The Fair Work Commission announced cuts of 25 to 50 percent to penalty rates for workers in the hospitality, fast food, restaurant, retail and pharmaceutical industries.
This decision, ruled by the Fair Work Commission in late February of this year is intended to create more jobs and allow businesses to offer their employees additional hours.
Last week, hairdressers feared that their weekend pay rates will also be slashed, resulting in questions being raised on whether these changes will actually tackle Australia’s unemployment rate, save costs for businesses, and ultimately what this means for those primarily affected?
The New Daily, released an article in early April, stating that according to 78 experts, ‘penalty rate cuts are bad for the economy’.
According to the Australian Bureau of Statistics (ABS) the number of unemployed persons has risen to 749,500 from March 2017.
Professor Beth Webster, public policy expert at Swinburne University said it was hard to know what impact the FWC’s decision would have. She said that because overall unemployment was quite low in some sectors it was “quite possible that nothing happens as a result of these changes”, because employers realise that unless they pay these incentives, they will struggle to retain their staff.
Prof Webster said any drop in take-home wages could lead to a fall in consumer spending as workers have less cash to splash. She warned, there may be a “secondary effect and a negative effect on other industries as a reduction of wages”.
On the move positive side however, Prof Webster said that businesses could take the increased profit from lower wages and “put it into investments” or choose to expand their café for example, which would have “a stimulating effect on the building industry”.
These new policy changes created quite an uproar, with many workers being notified through social media and online news channels.
Full-time arts degree student at Monash University, Maudie Osborne works part-time at JB HI FI and has not been informed by her workplace about how the changes will affect her.
Ms Osborne is appalled by the prospect of these pay cuts, which would greatly impact her current lifestyle and “possibly” her employment. She believes a pay cut would be another example of “exploitation” of the “labour of the working classes”. She said: “It pains me knowing that there will be people in worse off situations; people with families, mortgages, insurances that they need to pay and provide for.”
Ms Osborne scoffed at the notion that a pay cut for some could help employers hire more workers. “You don’t decrease worker’s wages as a means to create more employment. It means that the bosses can pocket money and attempt to undermine unions,” she said.
Labour economist, Professor Mark Wooden from the University of Melbourne analyses the consequences of both sides of this issue.
Prof. Wooden said the working conditions could change most in the hospitality sector because employers may choose to employ more employees during ‘rush periods’ on a Sunday because they would be cheaper, rather than have one, more expensive, worker run off their feet.
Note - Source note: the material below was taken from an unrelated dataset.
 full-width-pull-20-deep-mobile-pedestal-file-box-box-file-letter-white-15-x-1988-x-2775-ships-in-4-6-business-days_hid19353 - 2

On the other hand, Prof. Wooden said the new policy may have very little effect on family owned or very small businesses. Restaurants such as “Mum and Dad fish shops” and “Chinese restaurants are ignoring the award and not paying the double time or award rates” to their employees. These businesses who are likely to employ “family members or friends” will not be impacted by these revised penalty rates.
Prof. Wooden argues that the idea of this policy is “to reduce costs a little” for businesses, as “work on Sundays are expensive”. Wooden finds it “bizarre” that workers receive high rates on Sunday until midnight, however “at 12.01 they receive normal rates”.
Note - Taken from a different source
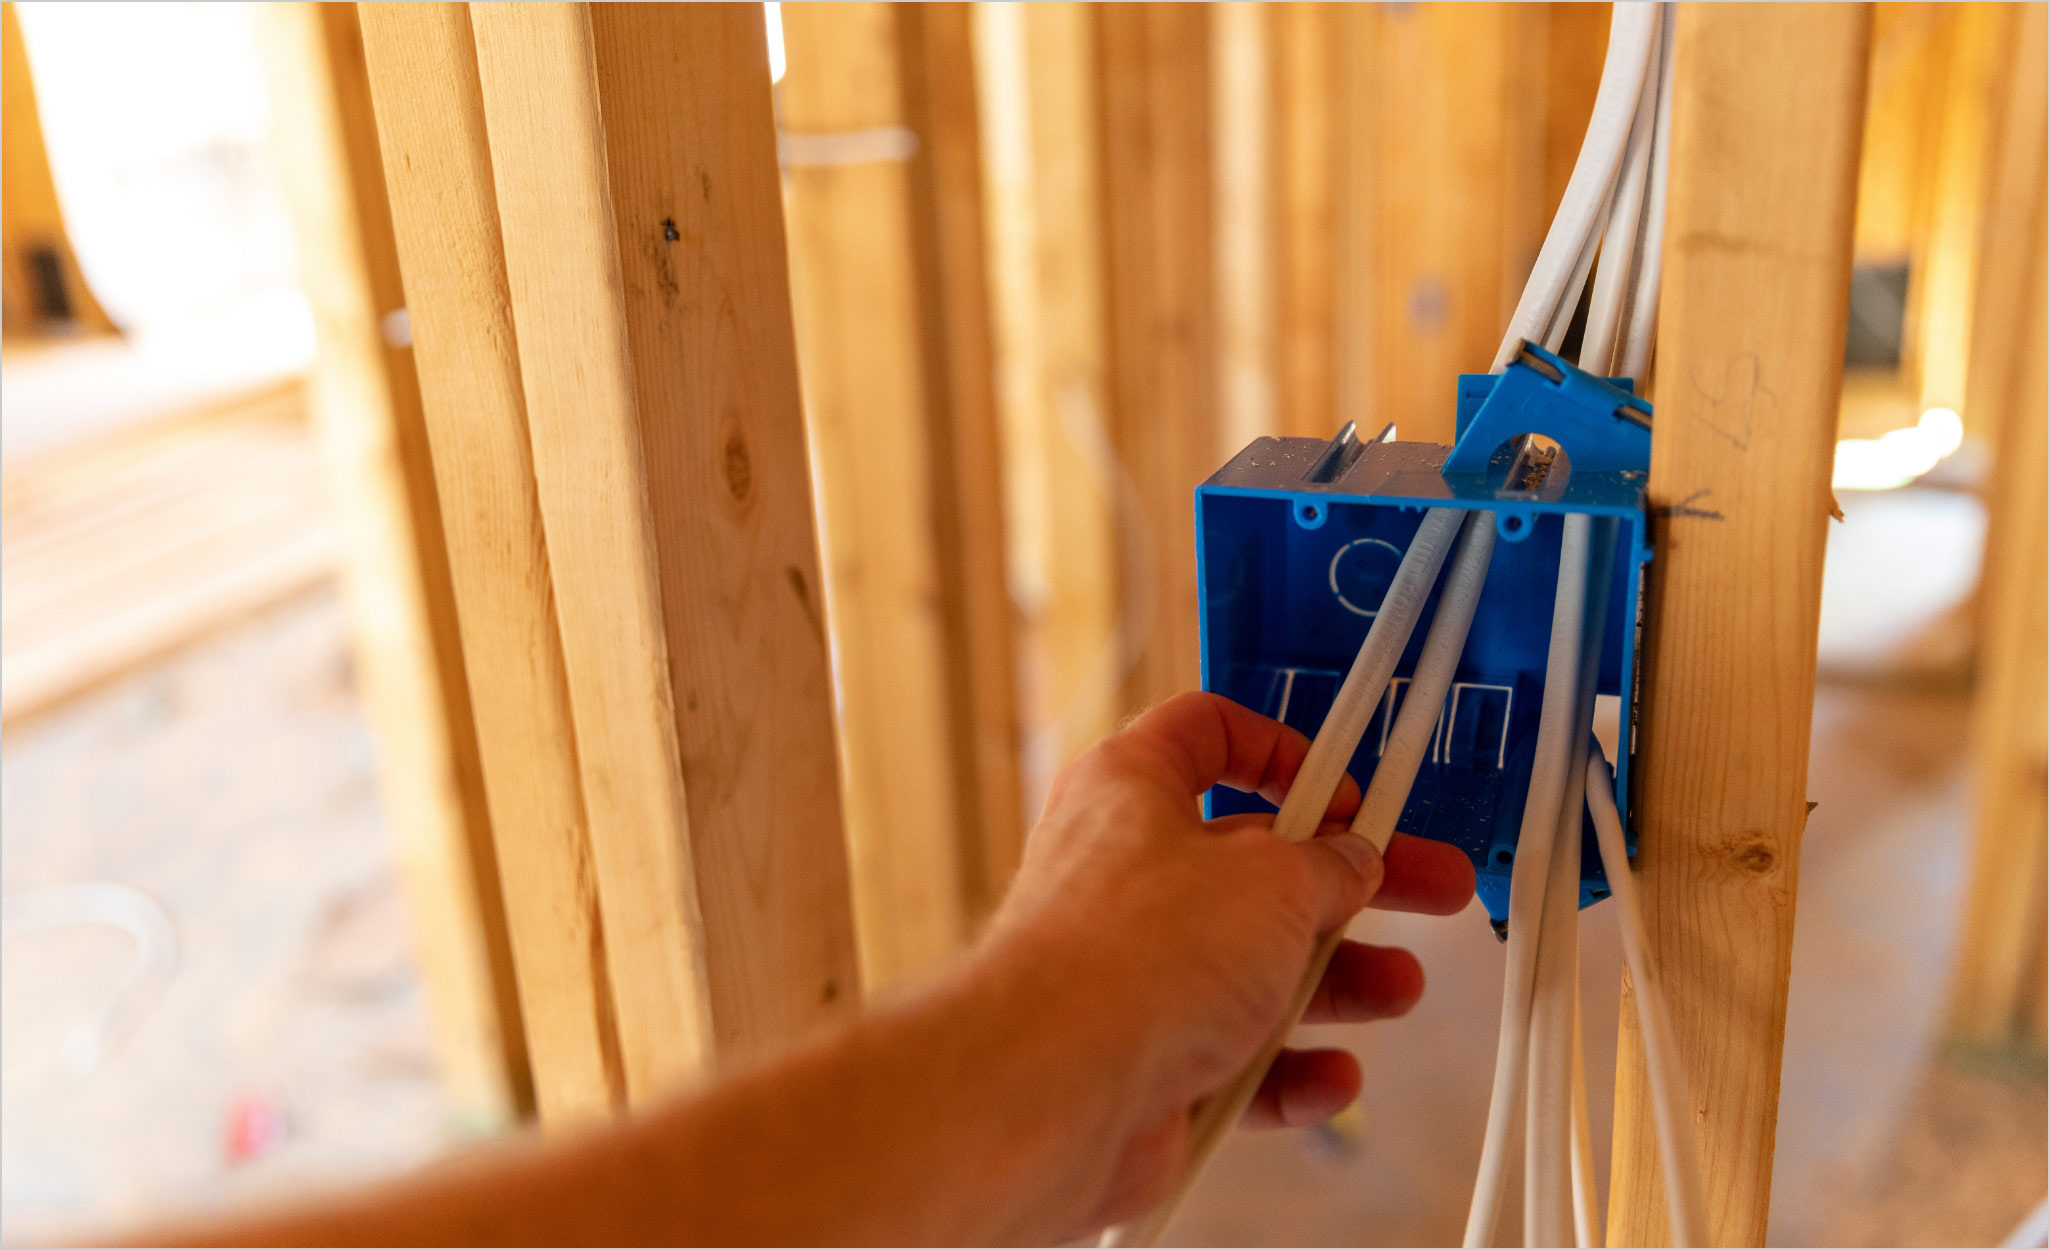 Residential Electrical Code Requirements The Home Depot

Prof. Wooden concludes that it “does not make sense” for all businesses to pay more on Sundays when these industries like restaurants choose to open on Sundays so they can pocket extra money.
Secret Garden Eatery, a new addition to the café precinct at the Monash University Clayton campus, notified its staff of the recent pay cuts decision.
This café, run in partnership by Jeremy Bartholomeusz, is currently open on Saturday and Sunday and Mr Bartholomeusz has welcomed the move to cut weekend pay. He said it was difficult to keep the cafe open at the weekend while paying employees time and a half because he could not pass that cost on to his customers. He said being a university café meant, “charging prices which kids can afford”. Therefore, Bartholomeusz argues that “by not having to pay leave loading” it will make it “easier to survive”. However he added: “At the end of the day it probably isn’t fair. I think people should be entitled to a benefit for working these days.”
Some workers won’t be affected by the new rules for sometime. Julie Morrison, a part-time worker at BWS in Moorabbin, will not see her pay cut instantly because the liquor retail franchise, owned by supermarket giant Woolworths, will only change its pay when it negotiates the next EBA.
“I think there should be compensation for working a public holiday and a Sunday. Every day will become the same, and I don’t think that is right,” said Ms Morrison
“Nobody knows the impact or who will most likely be affected”, Professor Wooden contends. However, he stresses that “these penalties are minimum” and that “there is nothing to stop employers paying more”.
Changes to public holiday penalty rates will take effect on 1st July, 2017. It is still unclear when the Sunday pay rate cuts will come into effect.